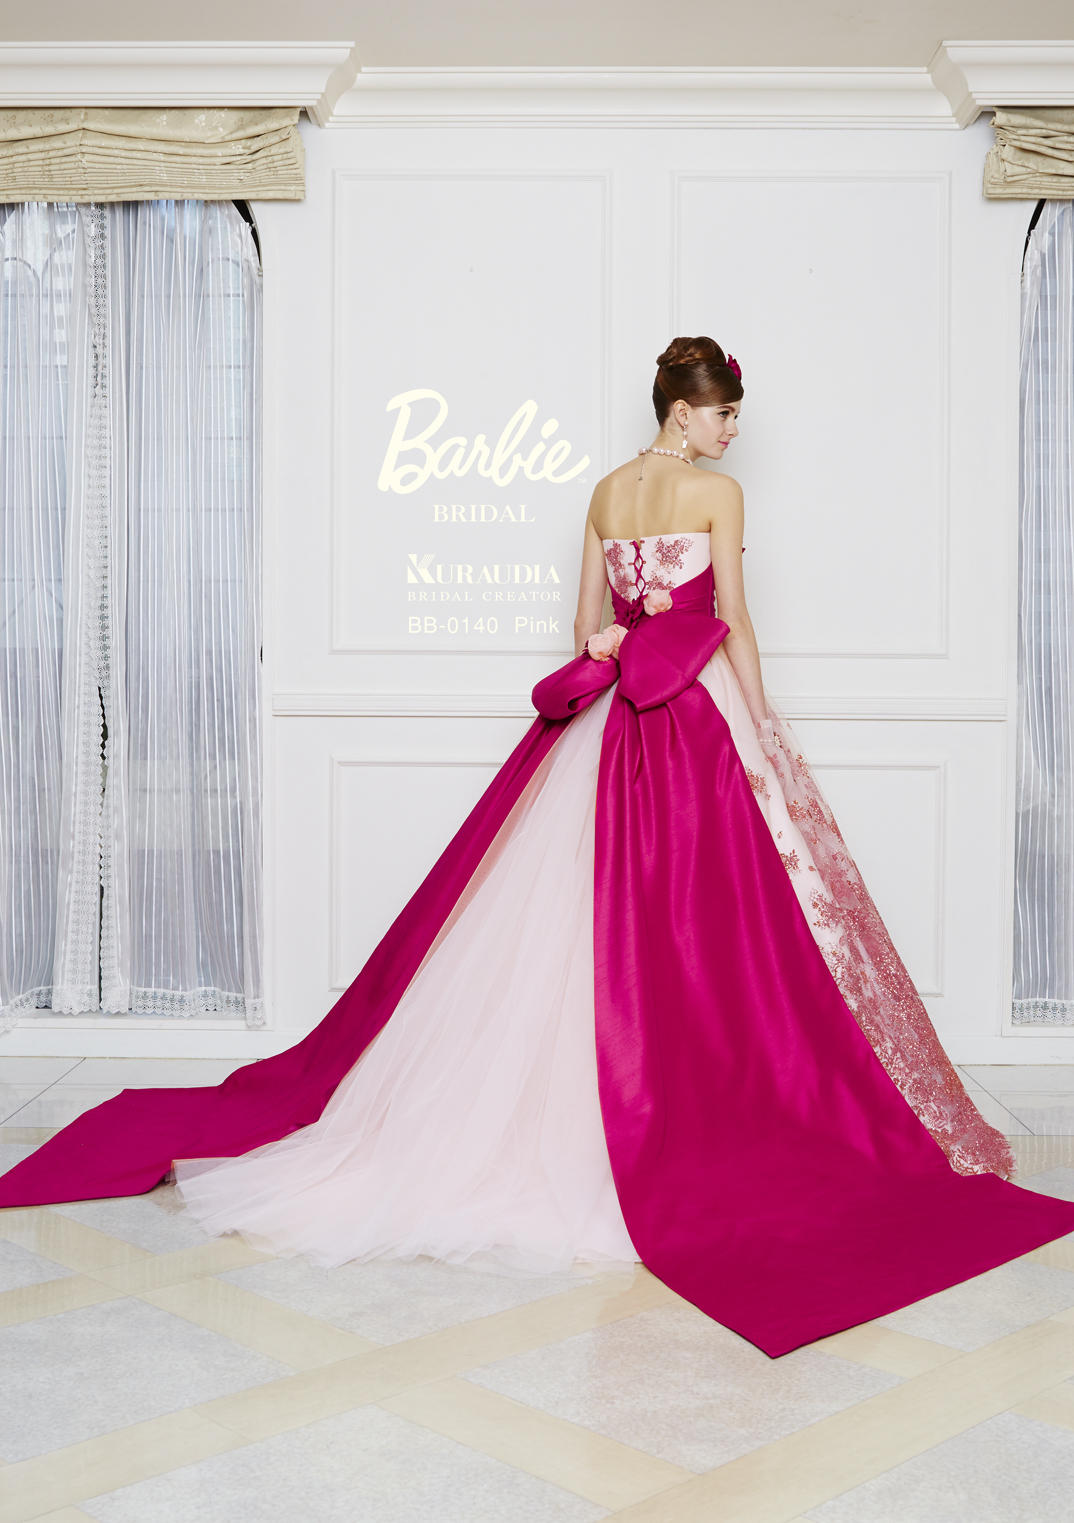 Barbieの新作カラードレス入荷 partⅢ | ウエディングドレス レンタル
^^^^
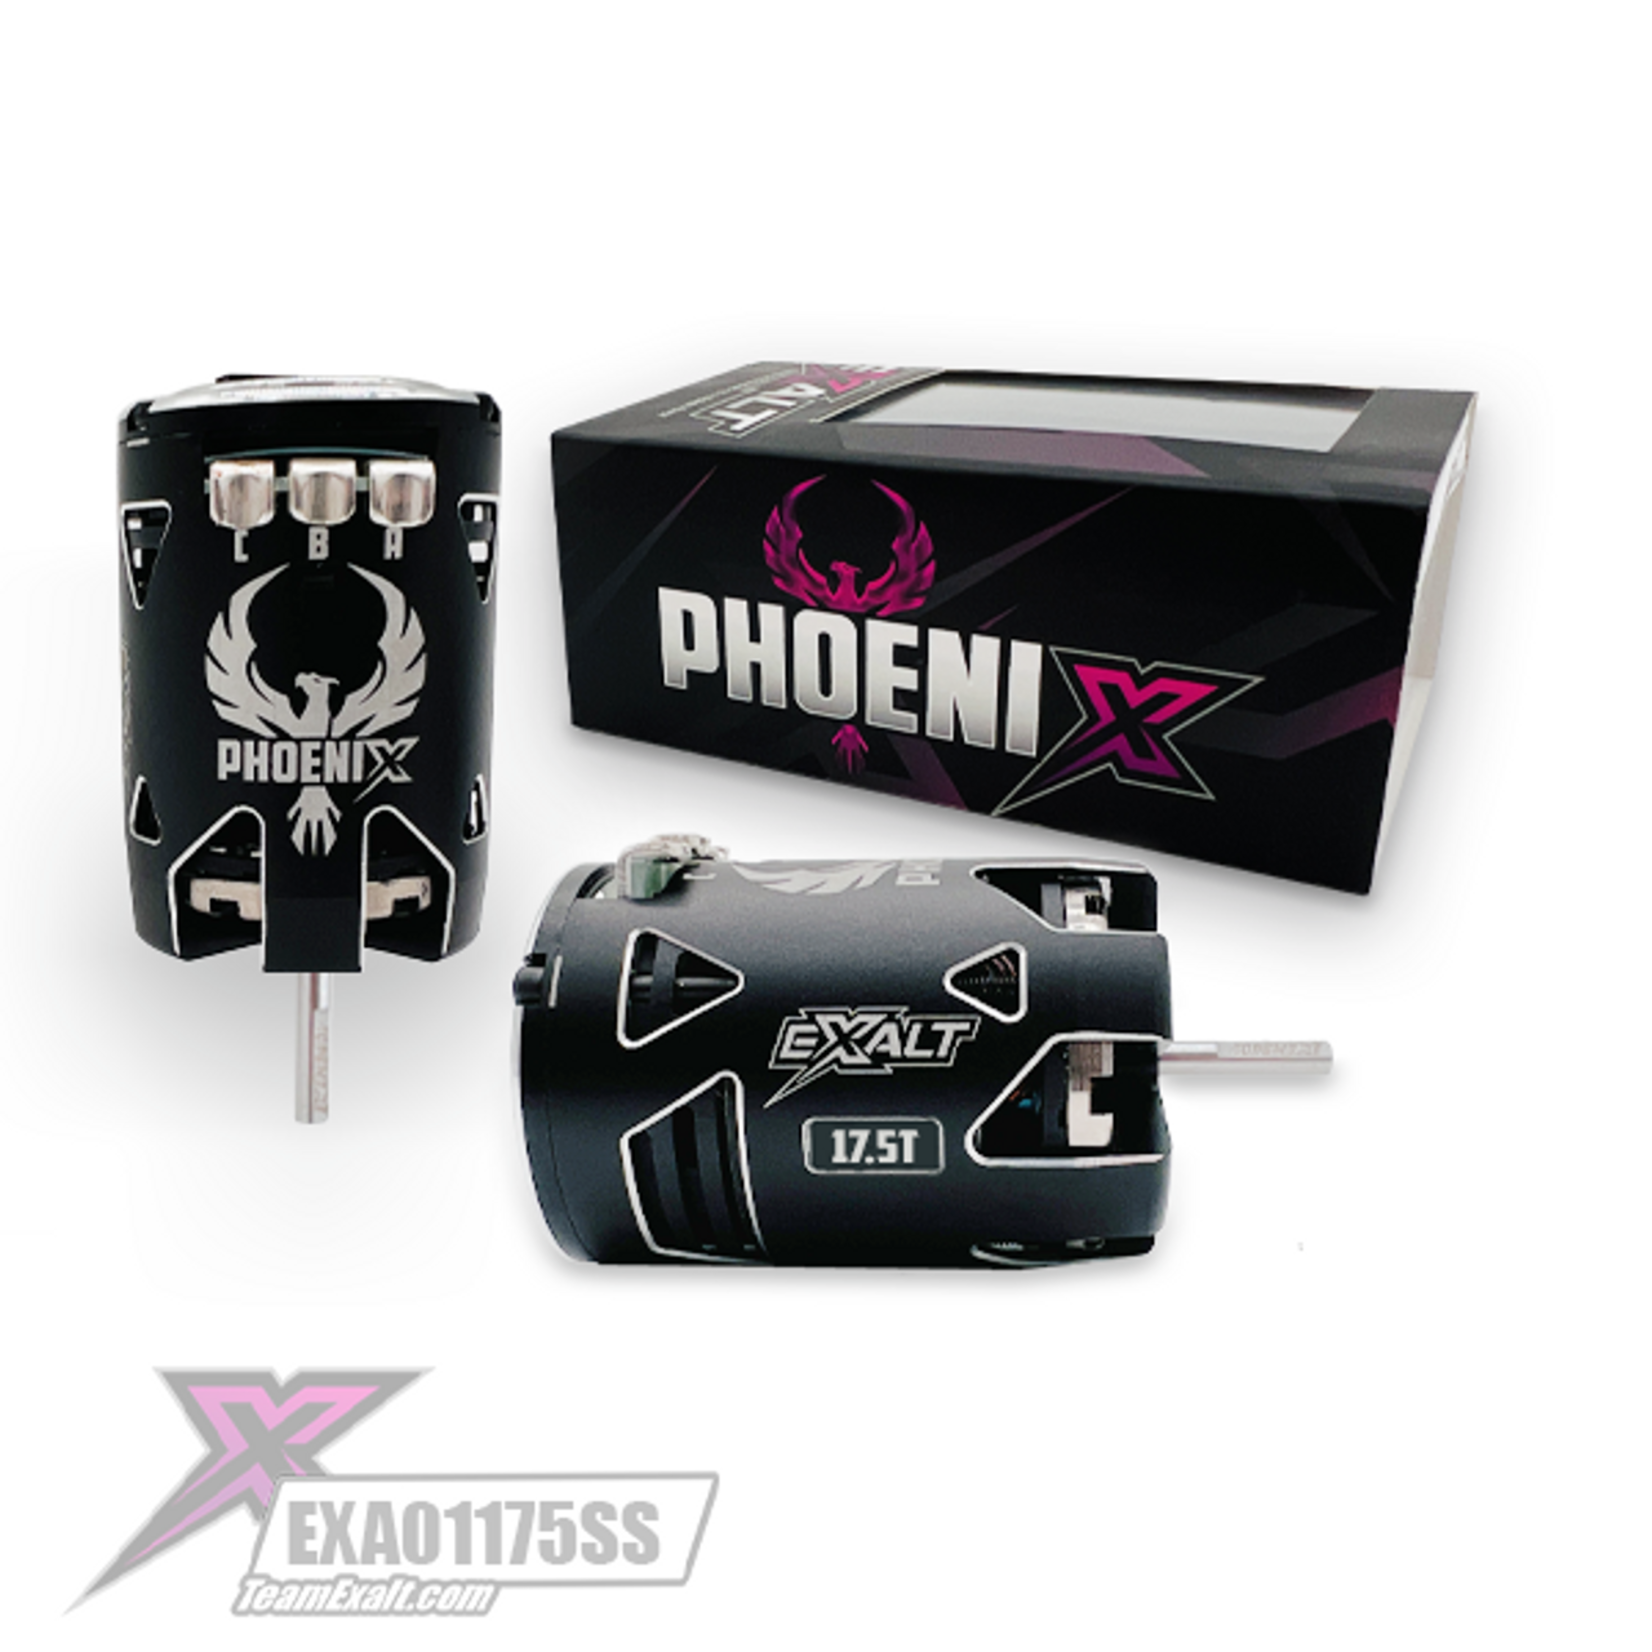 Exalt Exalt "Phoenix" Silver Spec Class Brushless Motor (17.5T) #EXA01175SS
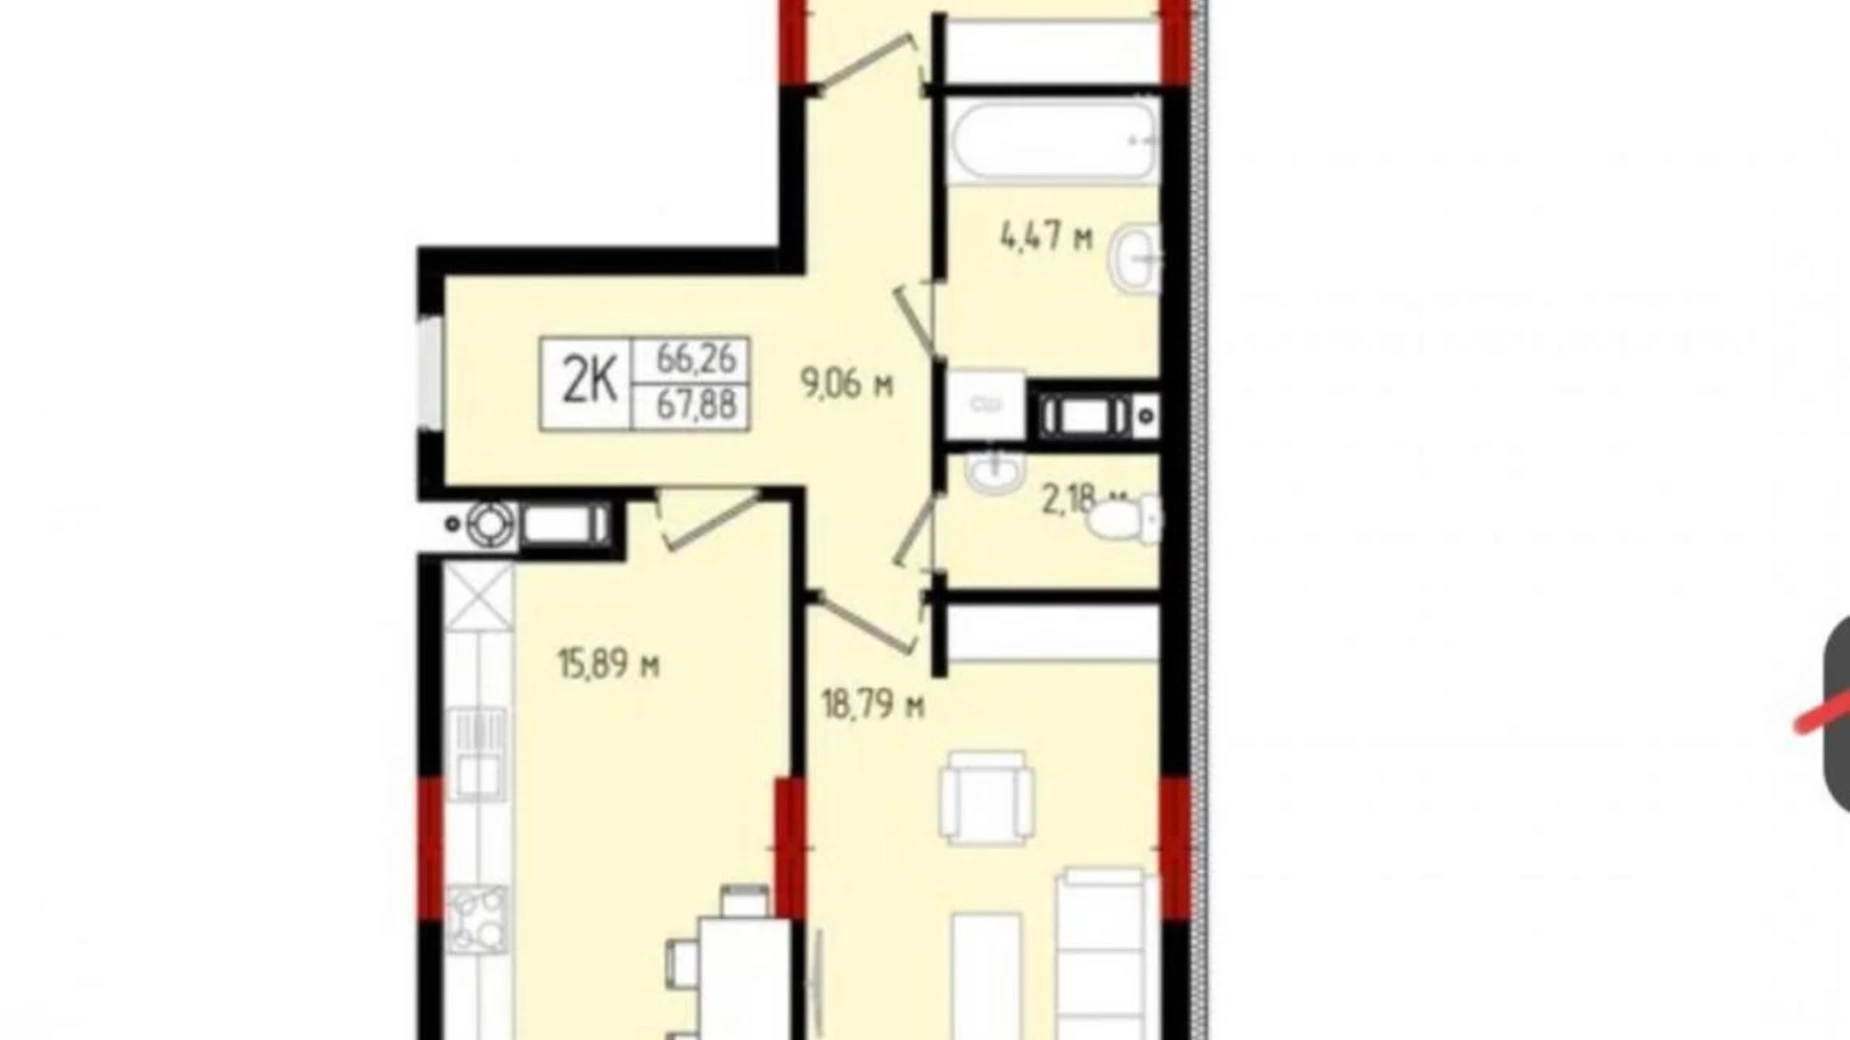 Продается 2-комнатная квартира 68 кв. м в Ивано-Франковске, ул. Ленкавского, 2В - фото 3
^^^^
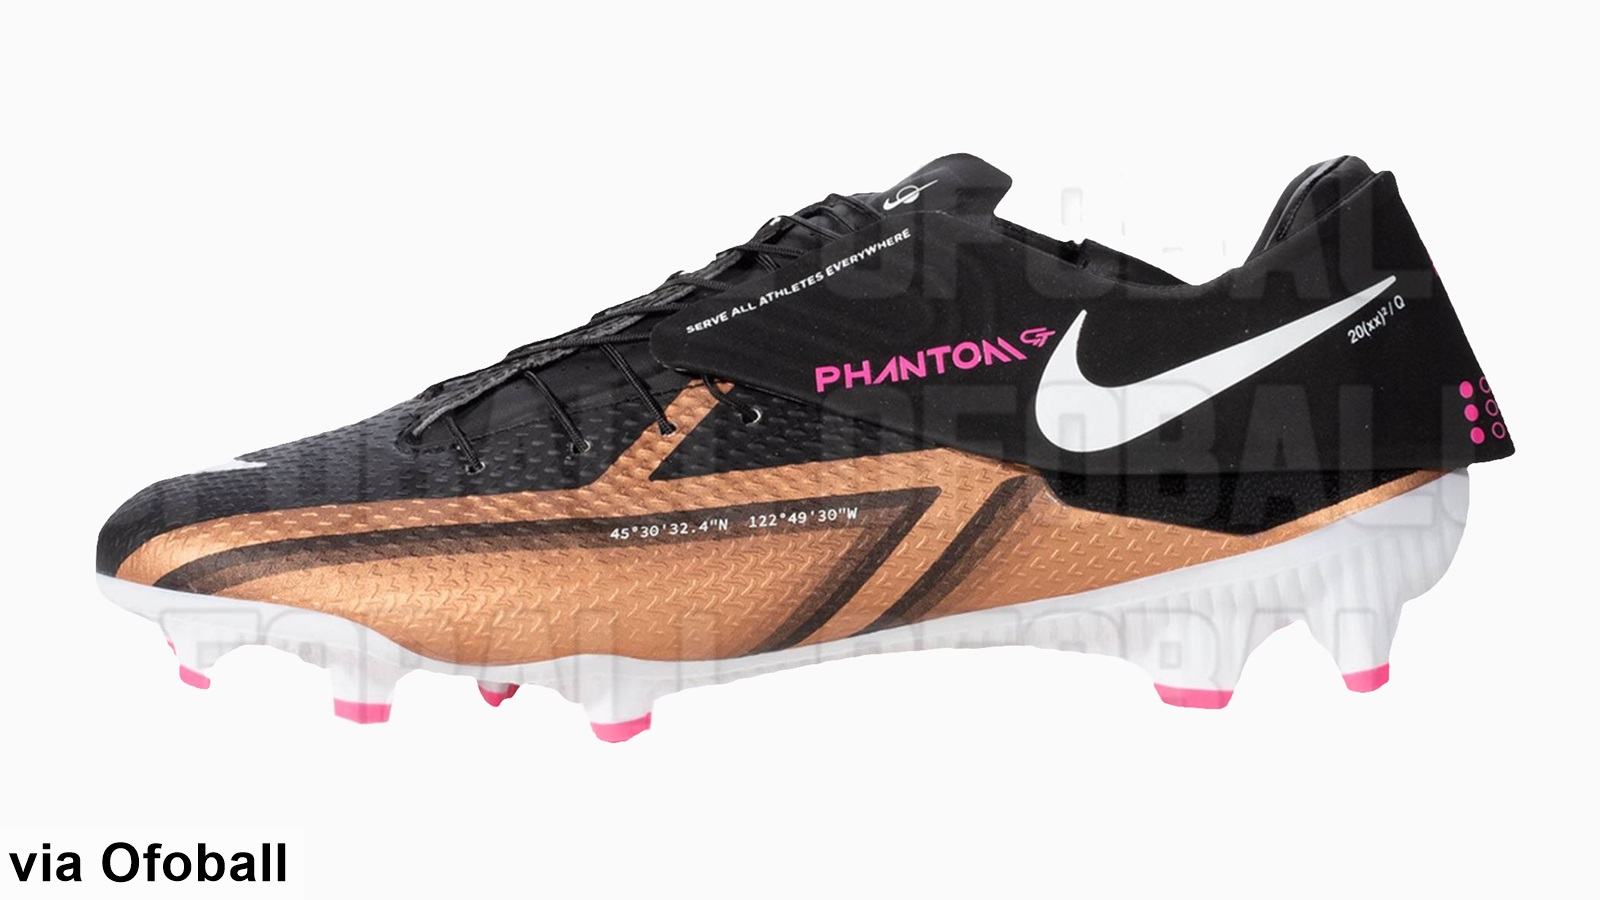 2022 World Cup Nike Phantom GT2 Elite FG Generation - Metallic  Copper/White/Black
^^^^
• **Activity**
Find the line with "Motor (17.5T) #EXA01175SS" and the line with "Продается 2-комнатная квартира" in the records above. Copy both and all lines between them exactly, without pictures.

• **Exercise response**
 Exalt Exalt "Phoenix" Silver Spec Class Brushless Motor (17.5T) #EXA01175SS
 Продается 2-комнатная квартира 68 кв. м в Ивано-Франковске, ул. Ленкавского, 2В - фото 3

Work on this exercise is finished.